Required work
Exactly the lines from the one holding "Interior embroidery by Fatma Karaca" through the end of the material below must be printed, nothing more, and the pictures must be dropped.

Supplied data
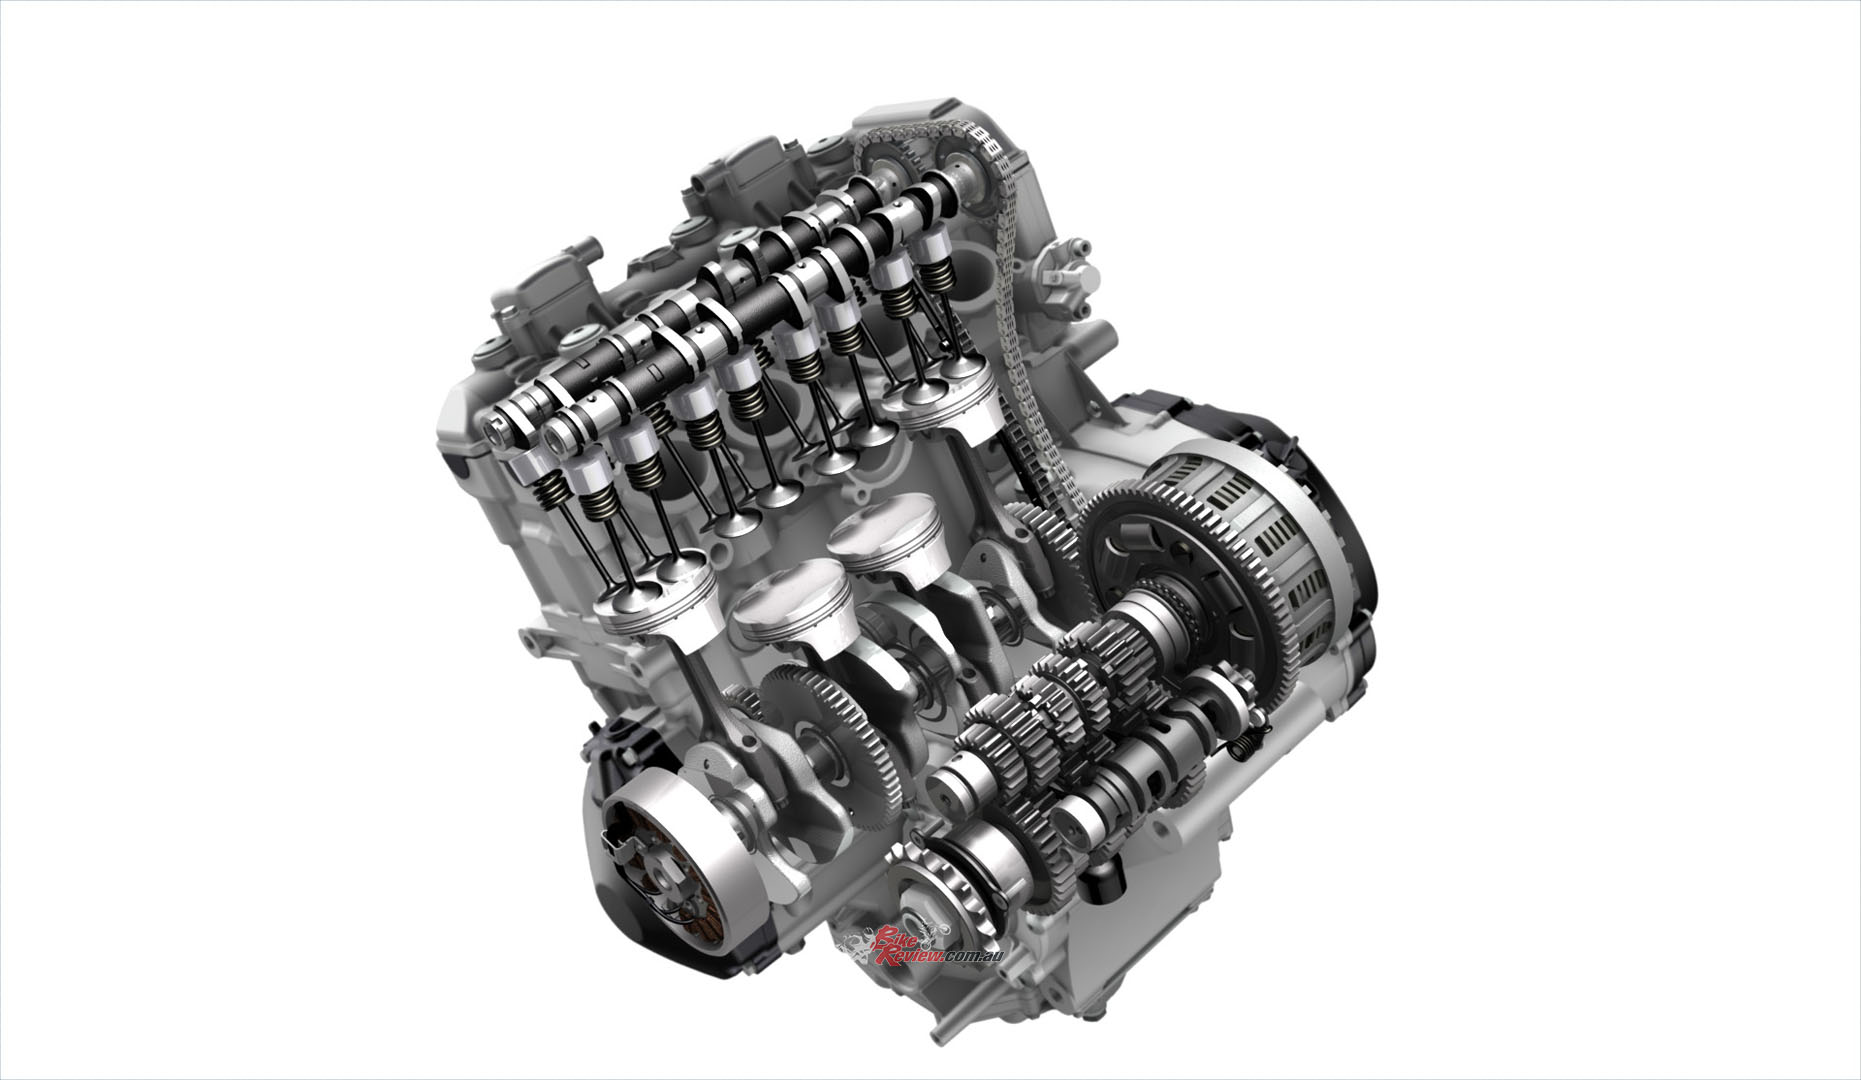 The 2012 GSX-R1000 engine had FEM (finite element method) pistons developed in MotoGP.
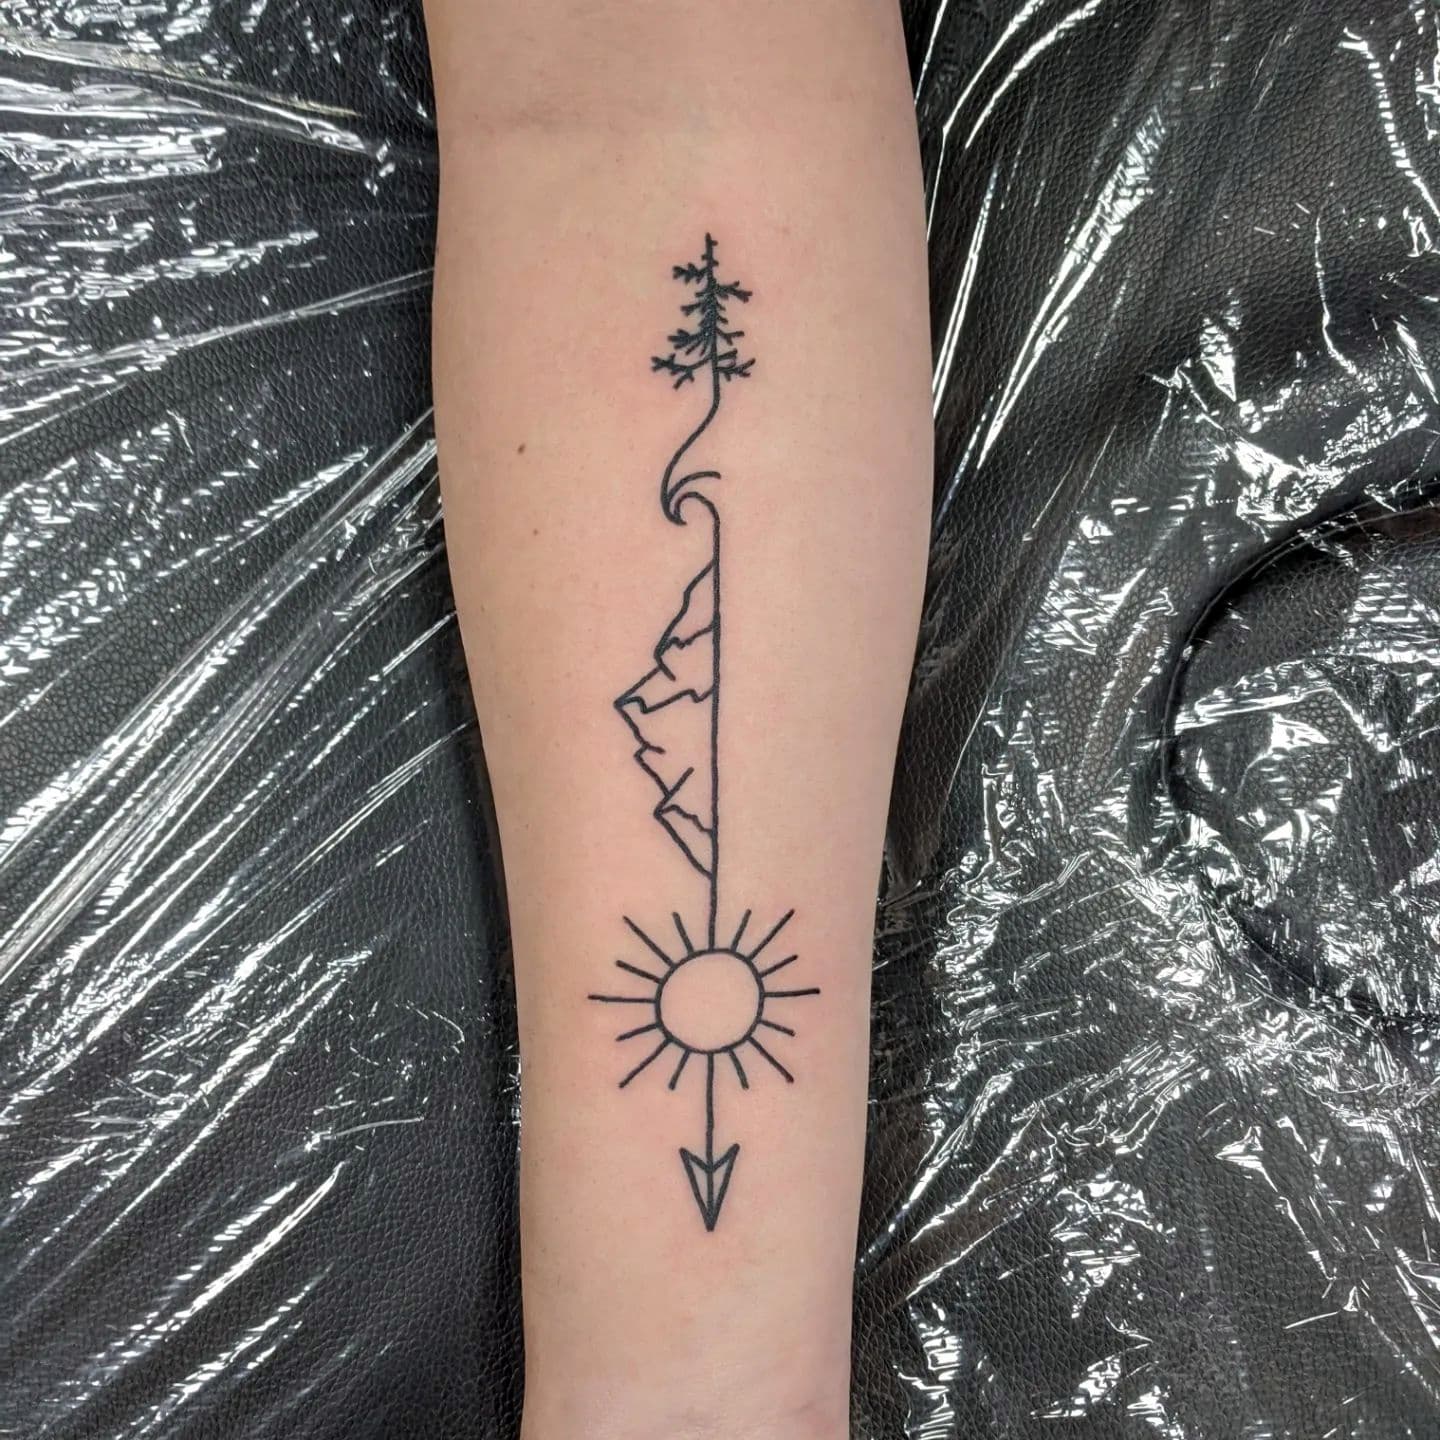 Tatuaje único de una flecha con brújula
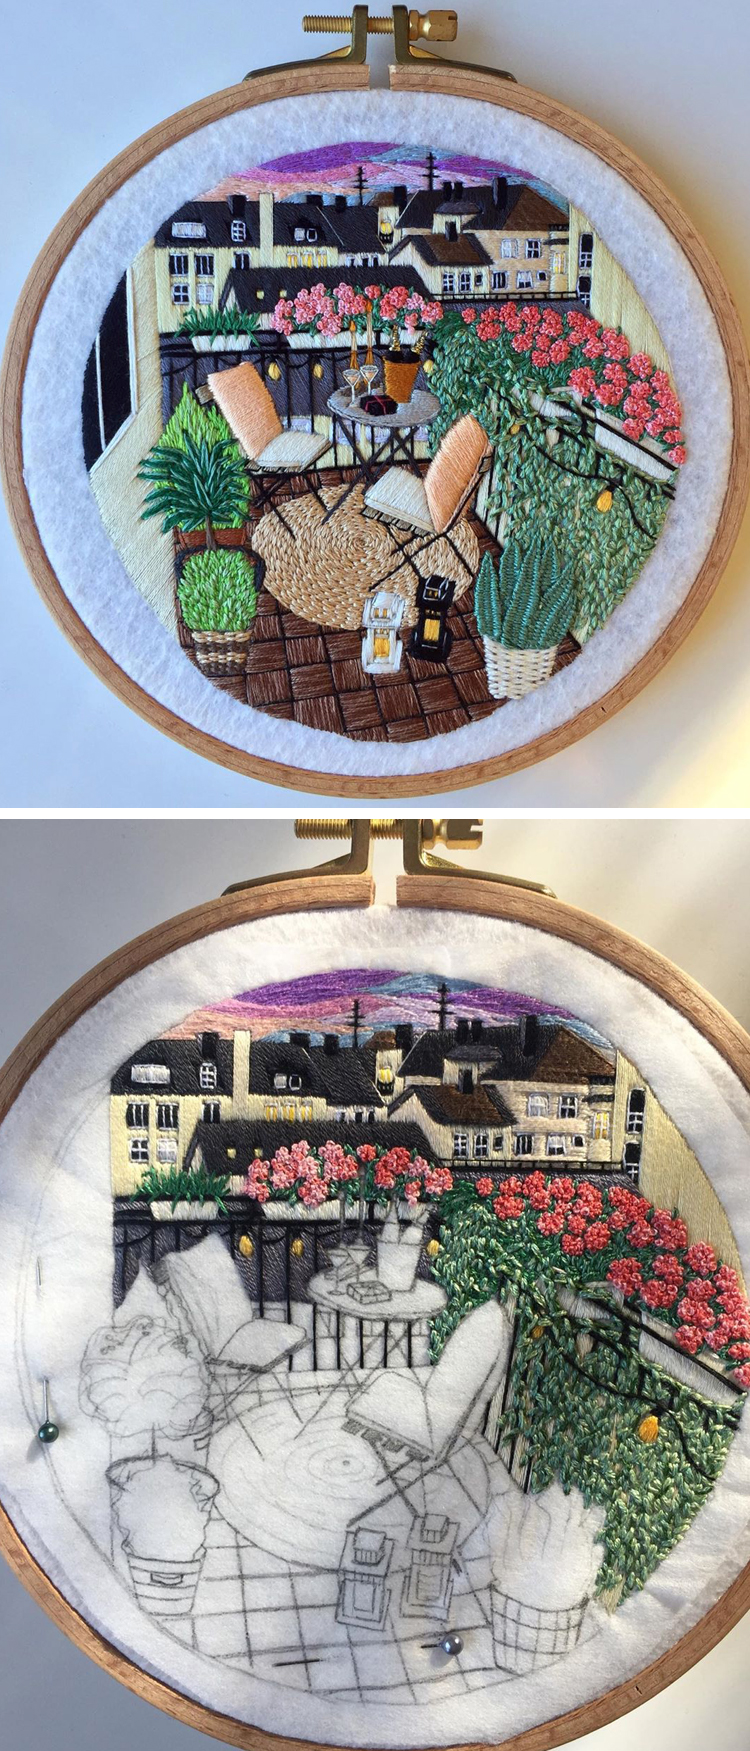 Interior embroidery by Fatma Karaca
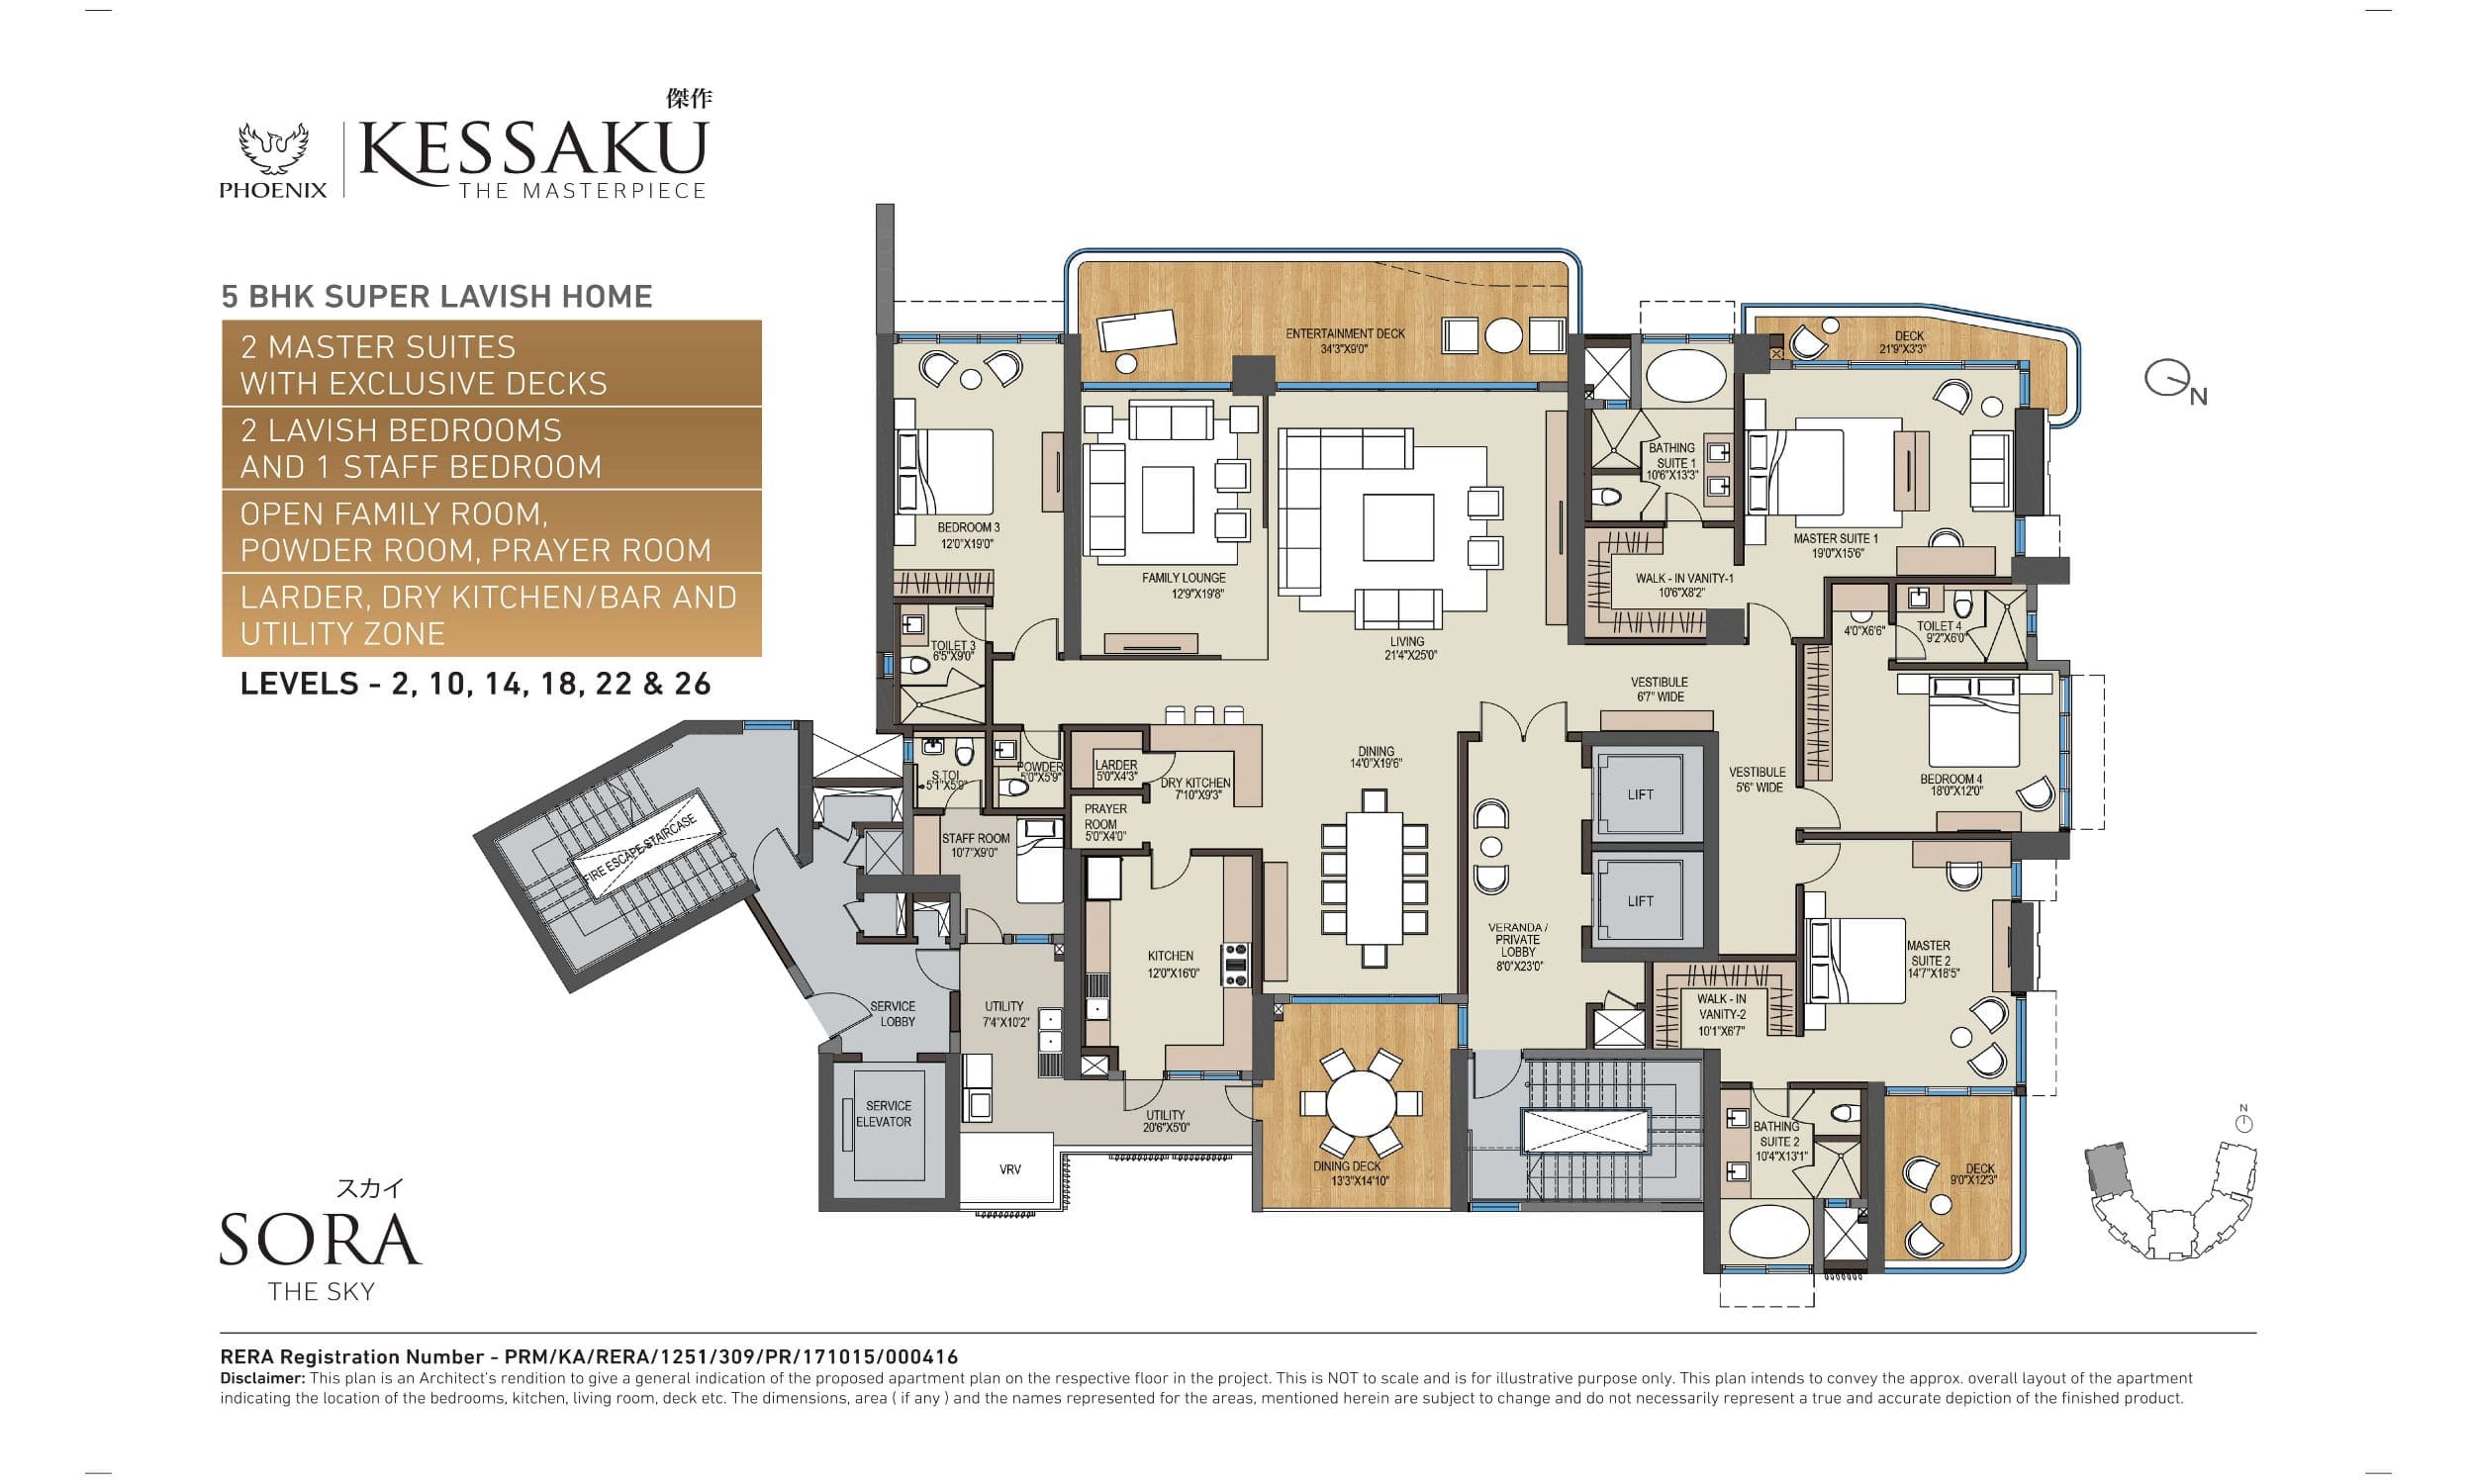 Phoenix Kessaku SORA Floor Plans (1)

Result of this task
 Interior embroidery by Fatma Karaca
 Phoenix Kessaku SORA Floor Plans (1)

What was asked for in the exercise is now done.